[What the exercise asks] In the records below, find the line with "Gold Papaya Sunglasses" and repeat exactly every line from it through the line with "Goddess Sri Laxmi". Pictures stay out.
=== Provided material ===
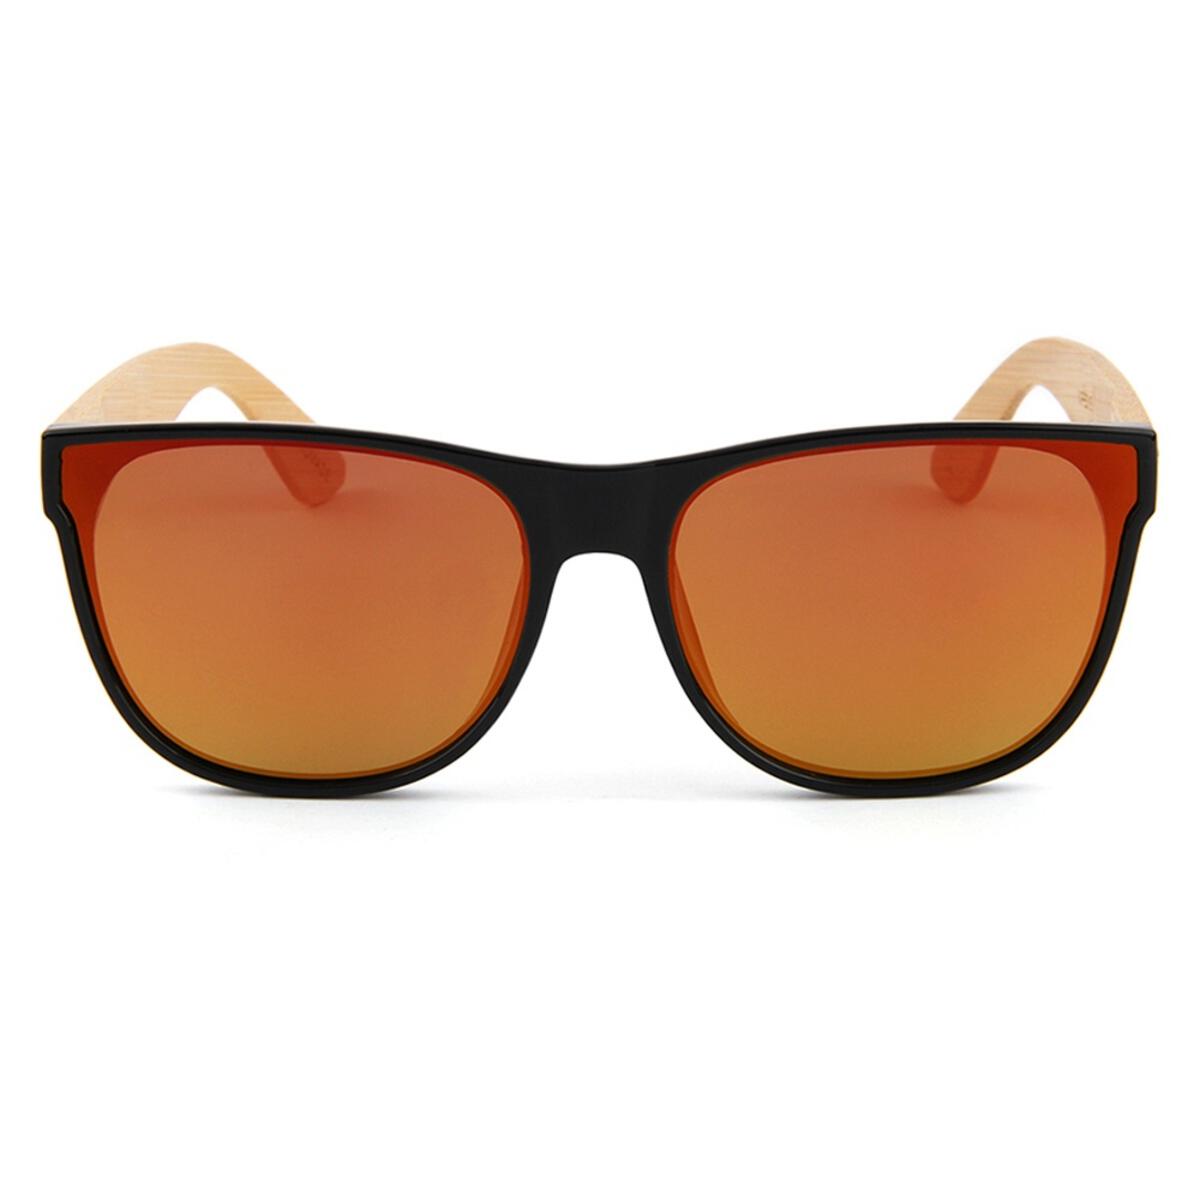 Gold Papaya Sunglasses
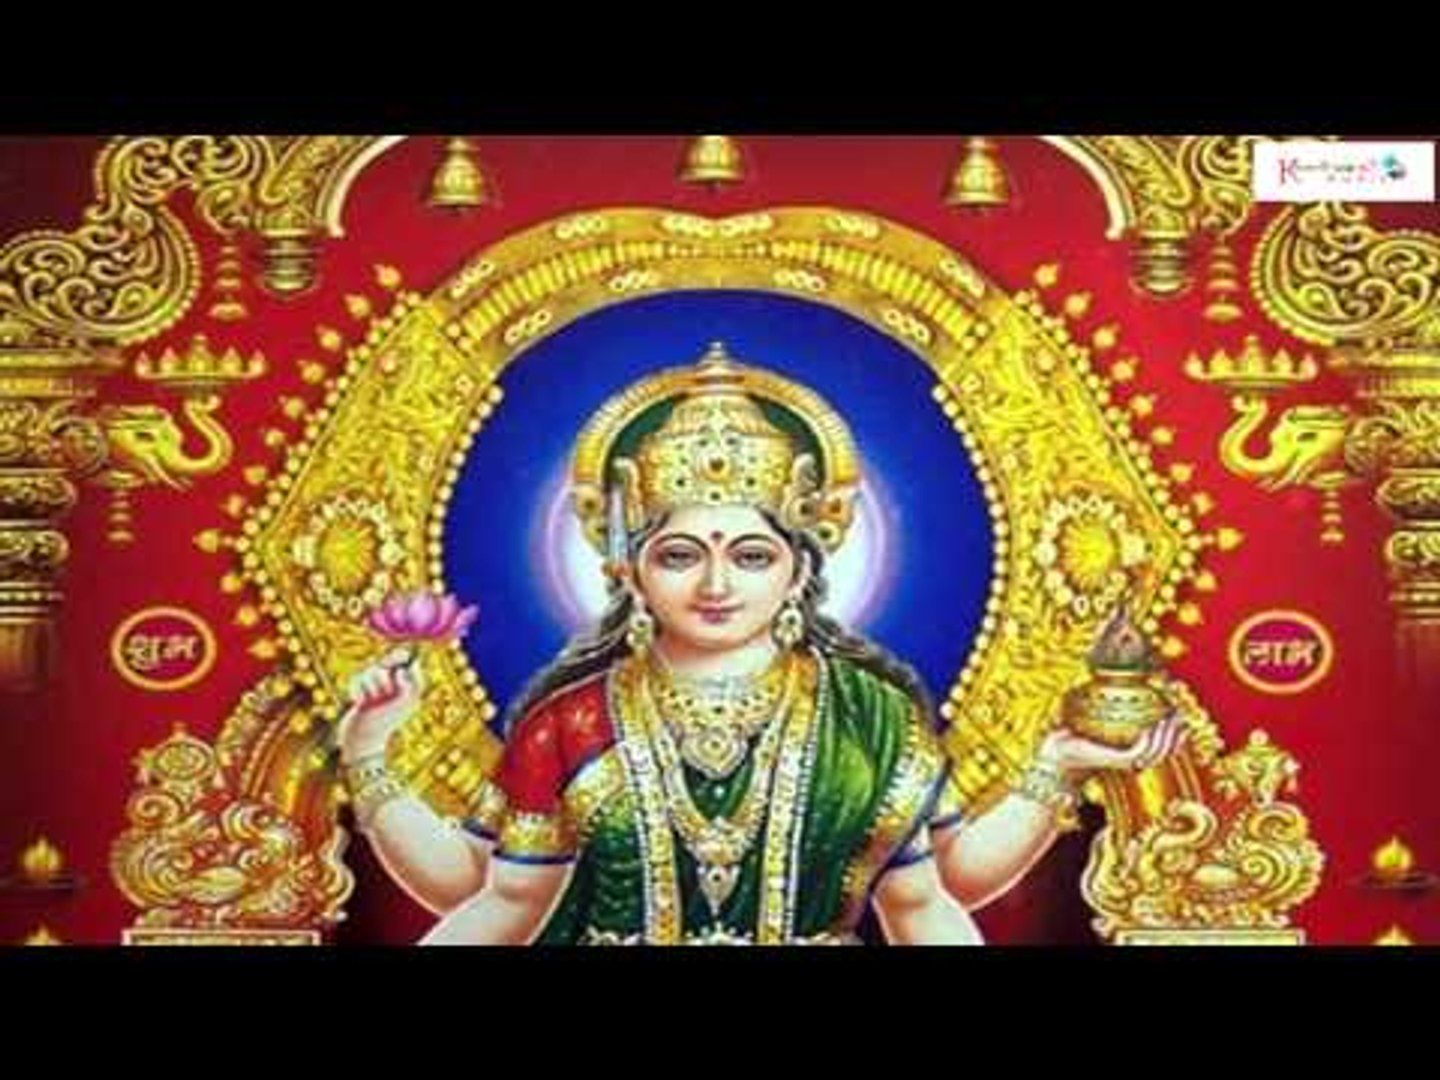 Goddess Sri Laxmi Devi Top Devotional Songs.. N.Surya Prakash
===
=== Provided material ===
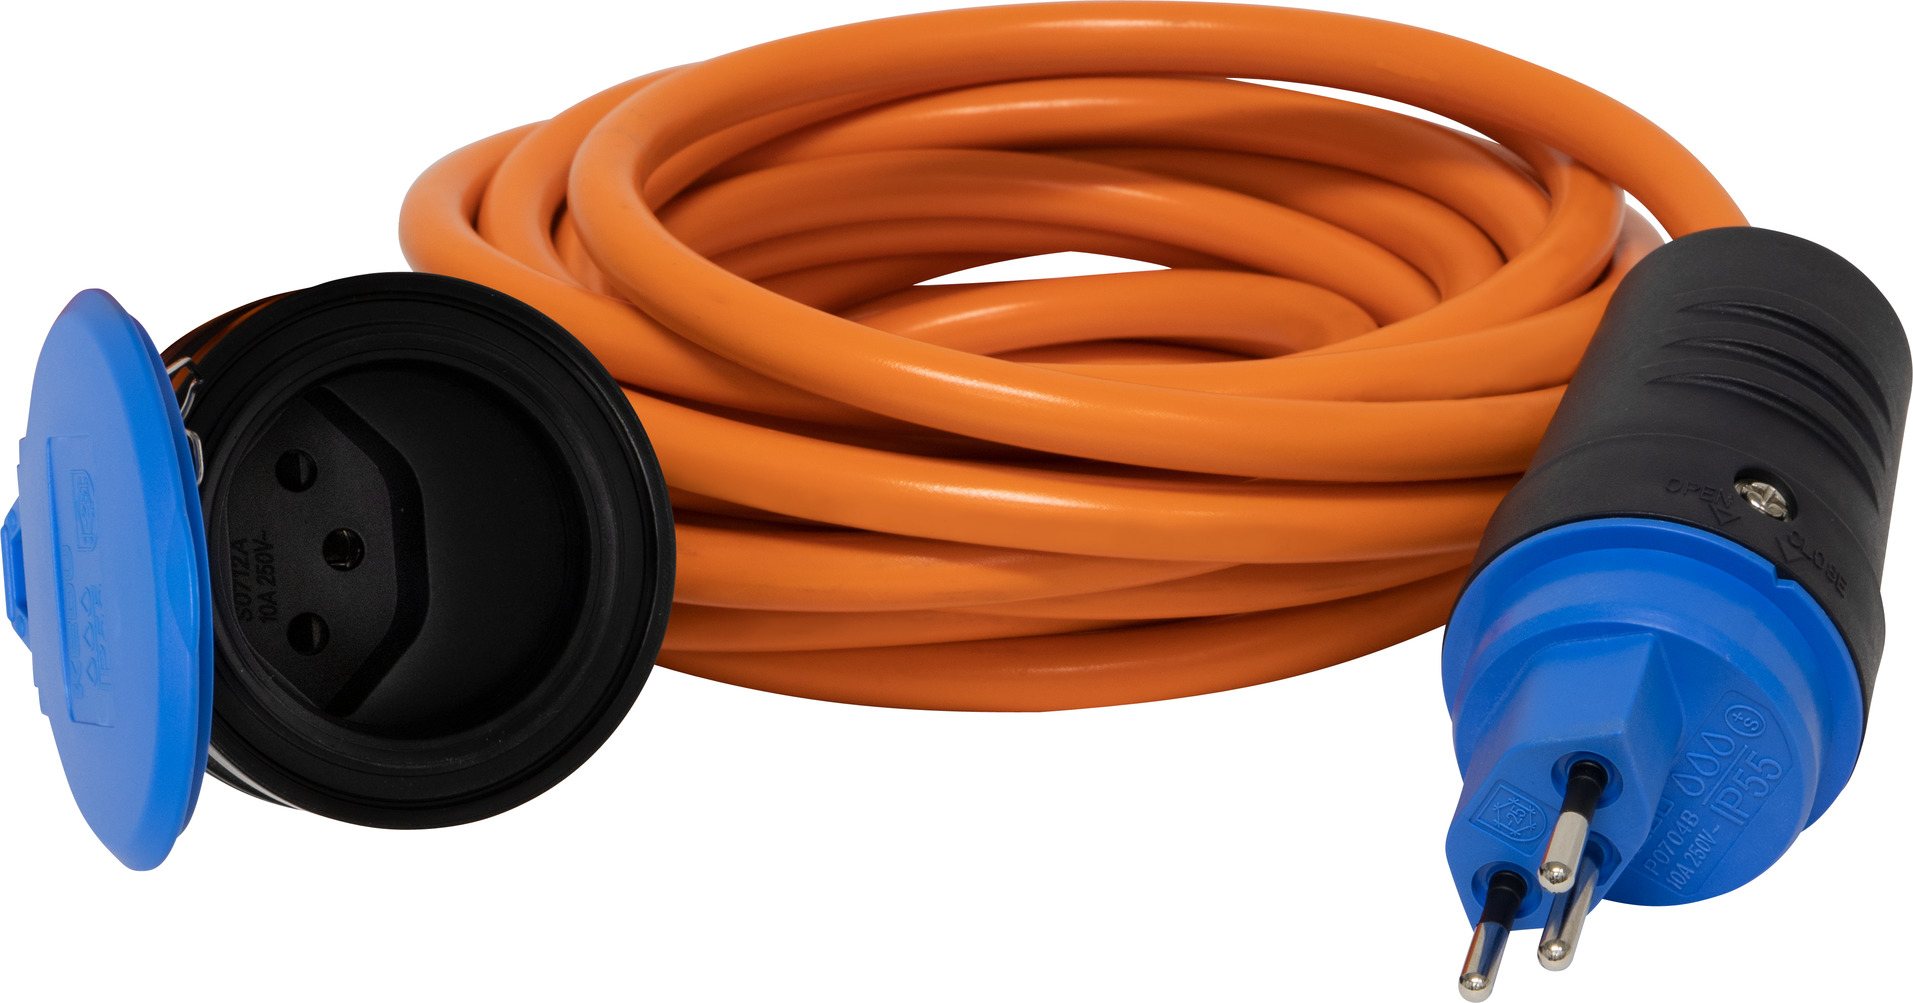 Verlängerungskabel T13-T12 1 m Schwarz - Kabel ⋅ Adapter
===
[Problem solution]
 Gold Papaya Sunglasses
 Goddess Sri Laxmi Devi Top Devotional Songs.. N.Surya Prakash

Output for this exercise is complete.